- [Work task]:
Retype the data that follows exactly. No pictures belong in the copy.

- [Dataset section]:

Start of Block

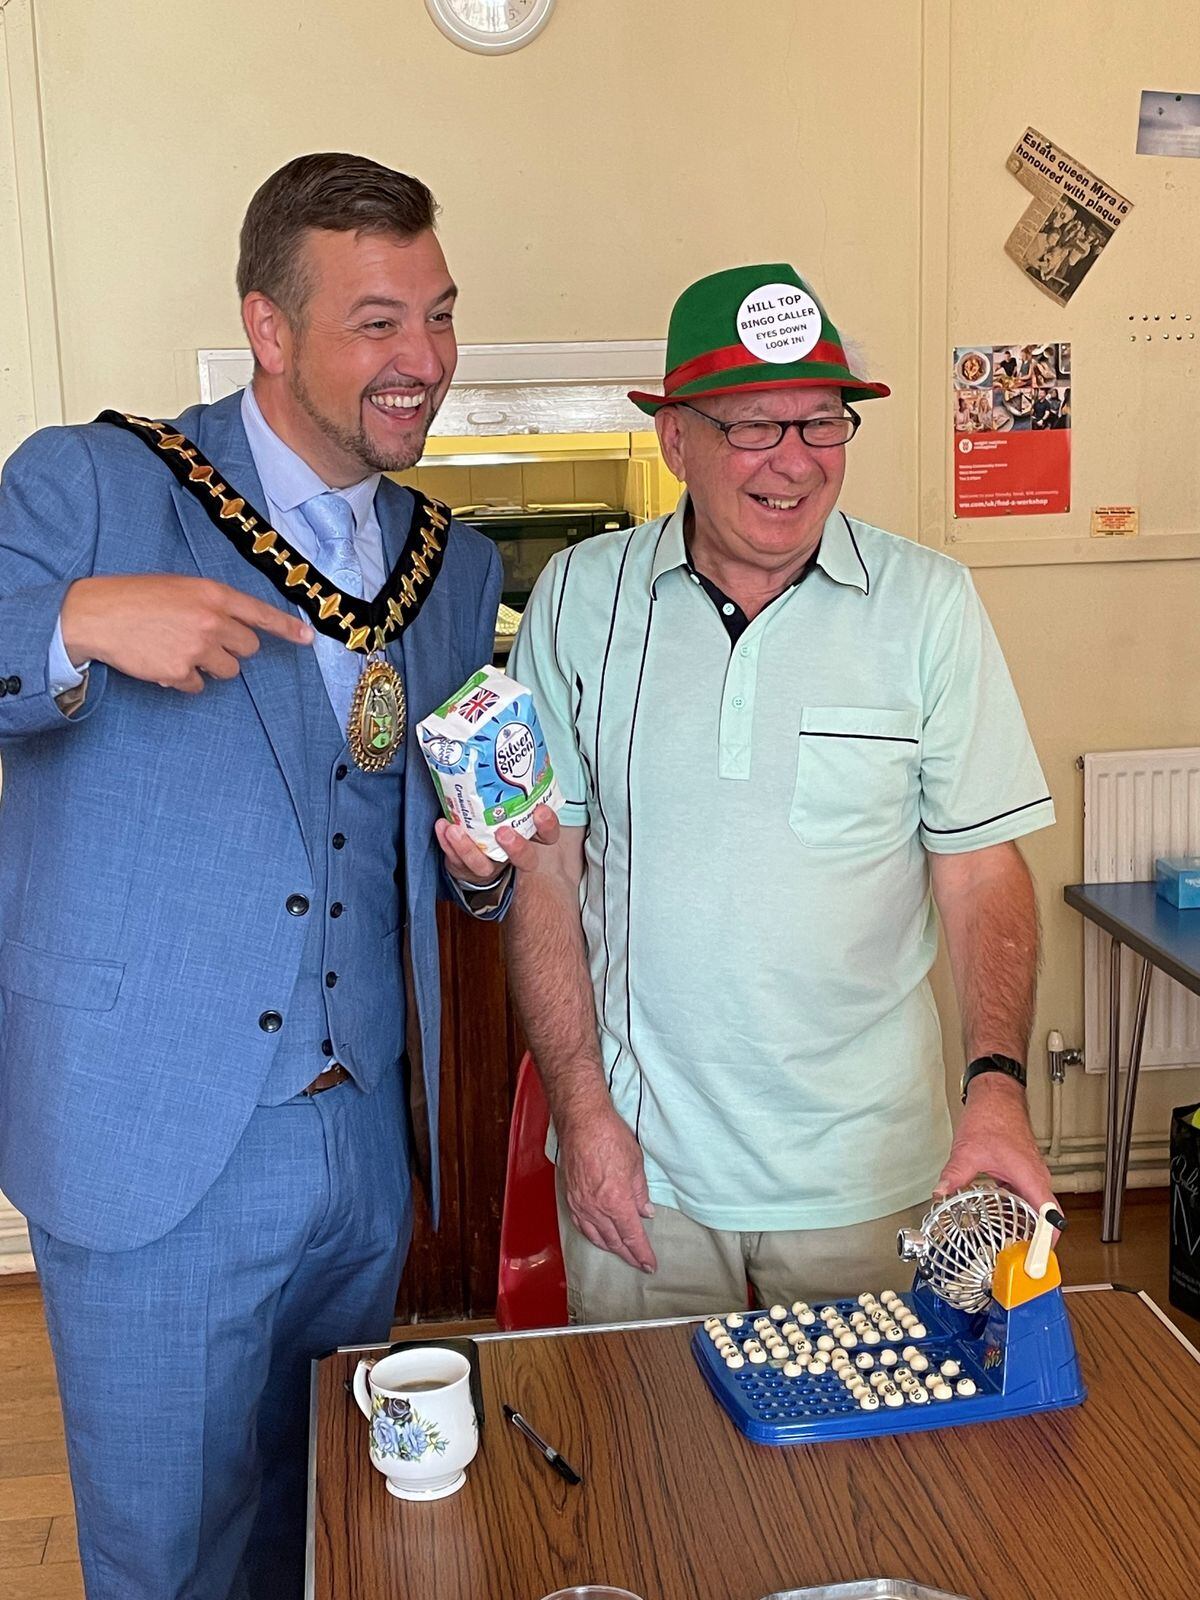 The mayor has bingo going on one of his visits
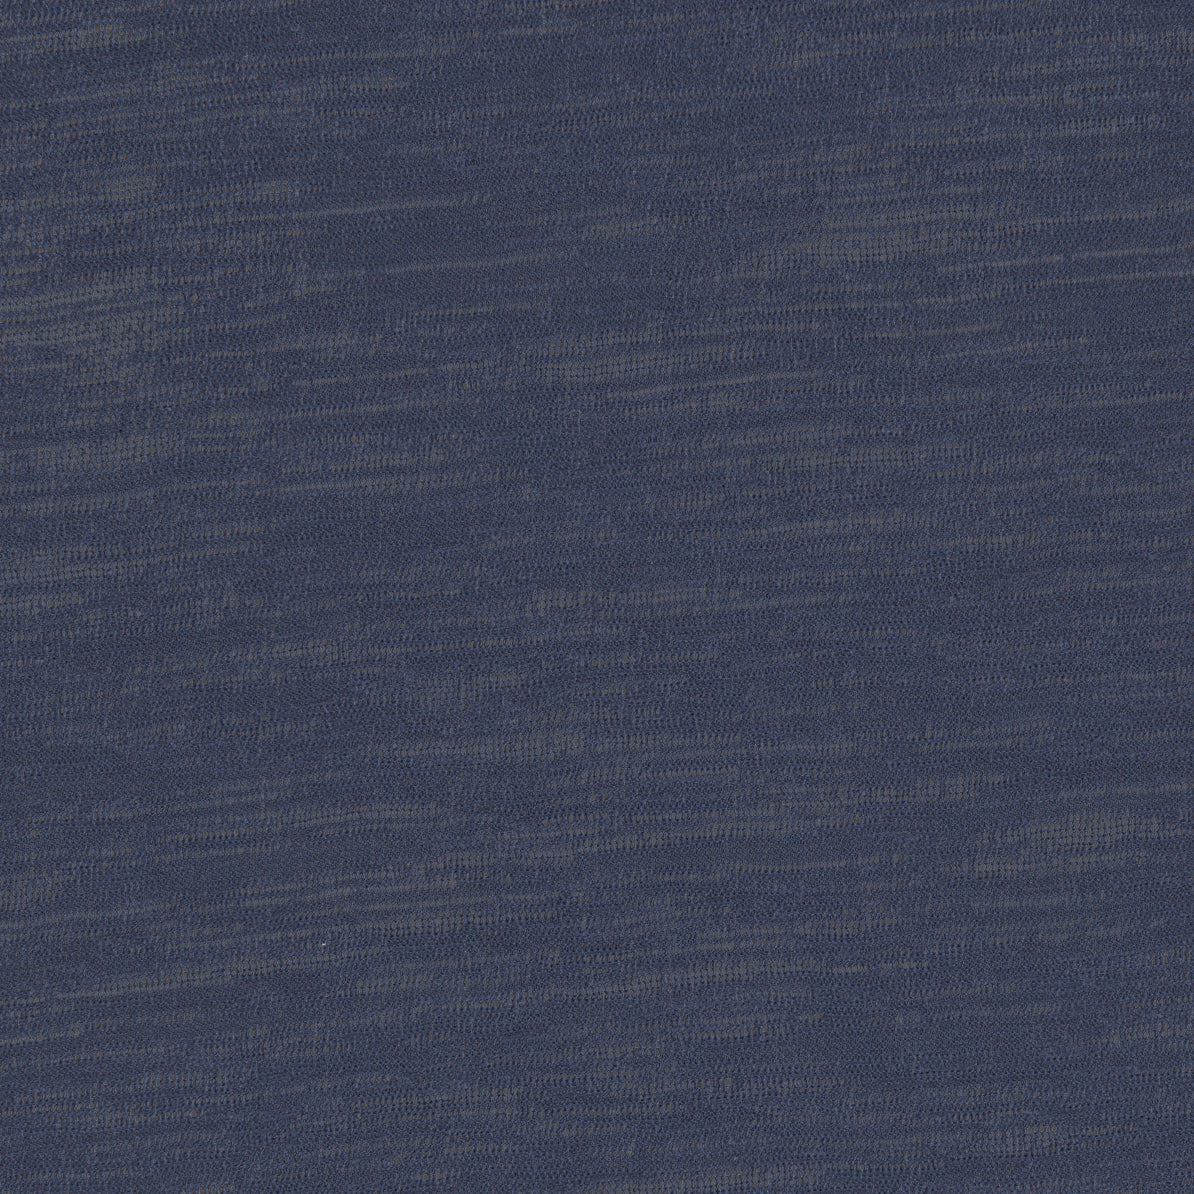 15011-09 Dark Ash Blue Polyester Plain Dyed 100% 58" 95g/yd blue knit plain dyed polyester Solid Color - knit fabric - woven fabric - fabric company - fabric wholesale - fabric b2b - fabric factory - high quality fabric - hong kong fabric - fabric hk - acetate fabric - cotton fabric - linen fabric - metallic fabric - nylon fabric - polyester fabric - spandex fabric - chun wing hing - cwh hk - fabric worldwide ship - 針織布 - 梳織布 - 布料公司- 布料批發 - 香港布料 - 秦榮興
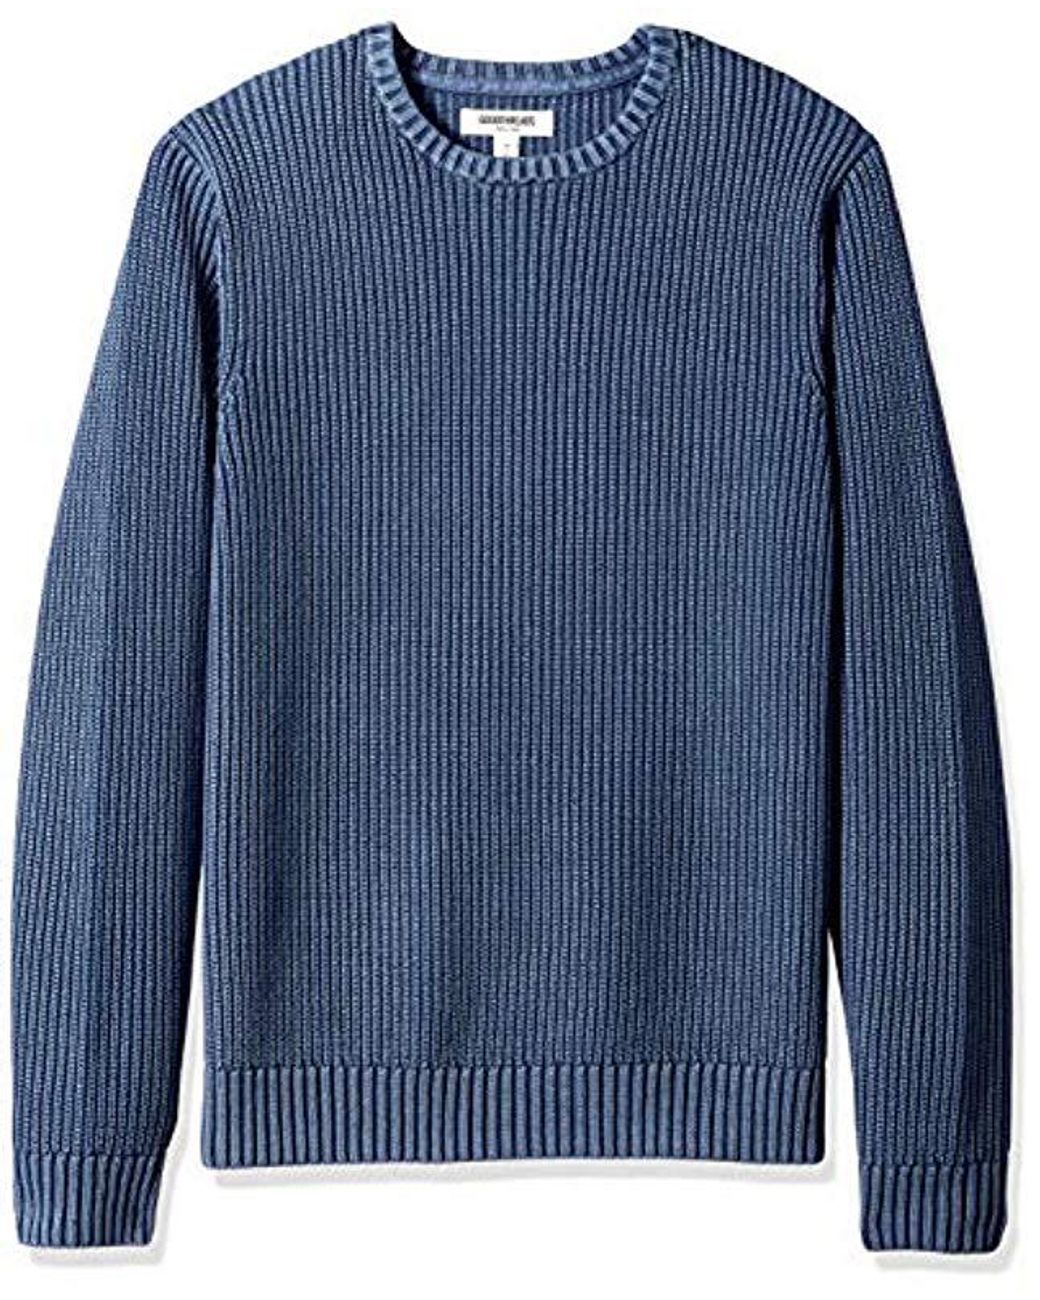 Goodthreads Amazon Brand - Soft Cotton Rib Stitch Crewneck Sweater in ...

End of Block

- [Task response]:
 The mayor has bingo going on one of his visits
 15011-09 Dark Ash Blue Polyester Plain Dyed 100% 58" 95g/yd blue knit plain dyed polyester Solid Color - knit fabric - woven fabric - fabric company - fabric wholesale - fabric b2b - fabric factory - high quality fabric - hong kong fabric - fabric hk - acetate fabric - cotton fabric - linen fabric - metallic fabric - nylon fabric - polyester fabric - spandex fabric - chun wing hing - cwh hk - fabric worldwide ship - 針織布 - 梳織布 - 布料公司- 布料批發 - 香港布料 - 秦榮興
 Goodthreads Amazon Brand - Soft Cotton Rib Stitch Crewneck Sweater in ...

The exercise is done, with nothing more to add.